Items listed in a dataset
'''

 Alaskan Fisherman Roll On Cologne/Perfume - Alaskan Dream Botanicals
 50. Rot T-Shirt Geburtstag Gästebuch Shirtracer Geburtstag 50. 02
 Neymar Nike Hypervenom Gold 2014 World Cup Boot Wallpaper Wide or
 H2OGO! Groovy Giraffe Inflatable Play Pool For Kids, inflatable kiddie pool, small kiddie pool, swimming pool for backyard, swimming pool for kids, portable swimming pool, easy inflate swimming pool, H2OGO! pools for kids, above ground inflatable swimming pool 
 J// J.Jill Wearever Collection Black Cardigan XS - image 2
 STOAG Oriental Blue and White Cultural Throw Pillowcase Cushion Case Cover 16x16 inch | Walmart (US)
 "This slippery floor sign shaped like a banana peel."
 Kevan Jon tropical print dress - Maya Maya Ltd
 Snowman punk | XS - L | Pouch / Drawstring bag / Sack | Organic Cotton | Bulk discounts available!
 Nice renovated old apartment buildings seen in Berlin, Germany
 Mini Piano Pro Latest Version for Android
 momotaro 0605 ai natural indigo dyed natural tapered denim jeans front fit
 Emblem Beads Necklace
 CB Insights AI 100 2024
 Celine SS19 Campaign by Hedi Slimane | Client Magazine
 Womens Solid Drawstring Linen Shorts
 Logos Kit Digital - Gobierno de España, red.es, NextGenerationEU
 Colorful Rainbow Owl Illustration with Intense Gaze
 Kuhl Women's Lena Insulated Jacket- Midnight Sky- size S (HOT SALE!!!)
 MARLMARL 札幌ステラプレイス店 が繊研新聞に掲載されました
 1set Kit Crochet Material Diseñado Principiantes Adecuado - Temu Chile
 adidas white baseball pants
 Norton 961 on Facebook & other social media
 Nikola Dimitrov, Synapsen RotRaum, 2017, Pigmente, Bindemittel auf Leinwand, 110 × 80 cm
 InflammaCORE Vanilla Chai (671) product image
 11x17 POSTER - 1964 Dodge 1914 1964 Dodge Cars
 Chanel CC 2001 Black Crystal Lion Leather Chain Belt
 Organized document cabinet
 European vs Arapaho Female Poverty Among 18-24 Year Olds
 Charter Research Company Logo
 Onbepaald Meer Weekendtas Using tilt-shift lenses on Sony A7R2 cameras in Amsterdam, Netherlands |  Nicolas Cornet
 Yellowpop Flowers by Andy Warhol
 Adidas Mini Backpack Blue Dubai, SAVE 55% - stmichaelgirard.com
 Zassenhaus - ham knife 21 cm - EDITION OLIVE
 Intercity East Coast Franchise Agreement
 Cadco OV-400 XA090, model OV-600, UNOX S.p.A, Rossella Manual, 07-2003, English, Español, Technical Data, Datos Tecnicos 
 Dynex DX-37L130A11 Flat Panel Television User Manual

'''

Task item: Scan the records above for the lines holding "Nice renovated old" and "Cadco OV-400 XA090, model". Transcribe those two and every line between them word for word, and no others.

Output:
 Nice renovated old apartment buildings seen in Berlin, Germany
 Mini Piano Pro Latest Version for Android
 momotaro 0605 ai natural indigo dyed natural tapered denim jeans front fit
 Emblem Beads Necklace
 CB Insights AI 100 2024
 Celine SS19 Campaign by Hedi Slimane | Client Magazine
 Womens Solid Drawstring Linen Shorts
 Logos Kit Digital - Gobierno de España, red.es, NextGenerationEU
 Colorful Rainbow Owl Illustration with Intense Gaze
 Kuhl Women's Lena Insulated Jacket- Midnight Sky- size S (HOT SALE!!!)
 MARLMARL 札幌ステラプレイス店 が繊研新聞に掲載されました
 1set Kit Crochet Material Diseñado Principiantes Adecuado - Temu Chile
 adidas white baseball pants
 Norton 961 on Facebook & other social media
 Nikola Dimitrov, Synapsen RotRaum, 2017, Pigmente, Bindemittel auf Leinwand, 110 × 80 cm
 InflammaCORE Vanilla Chai (671) product image
 11x17 POSTER - 1964 Dodge 1914 1964 Dodge Cars
 Chanel CC 2001 Black Crystal Lion Leather Chain Belt
 Organized document cabinet
 European vs Arapaho Female Poverty Among 18-24 Year Olds
 Charter Research Company Logo
 Onbepaald Meer Weekendtas Using tilt-shift lenses on Sony A7R2 cameras in Amsterdam, Netherlands |  Nicolas Cornet
 Yellowpop Flowers by Andy Warhol
 Adidas Mini Backpack Blue Dubai, SAVE 55% - stmichaelgirard.com
 Zassenhaus - ham knife 21 cm - EDITION OLIVE
 Intercity East Coast Franchise Agreement
 Cadco OV-400 XA090, model OV-600, UNOX S.p.A, Rossella Manual, 07-2003, English, Español, Technical Data, Datos Tecnicos 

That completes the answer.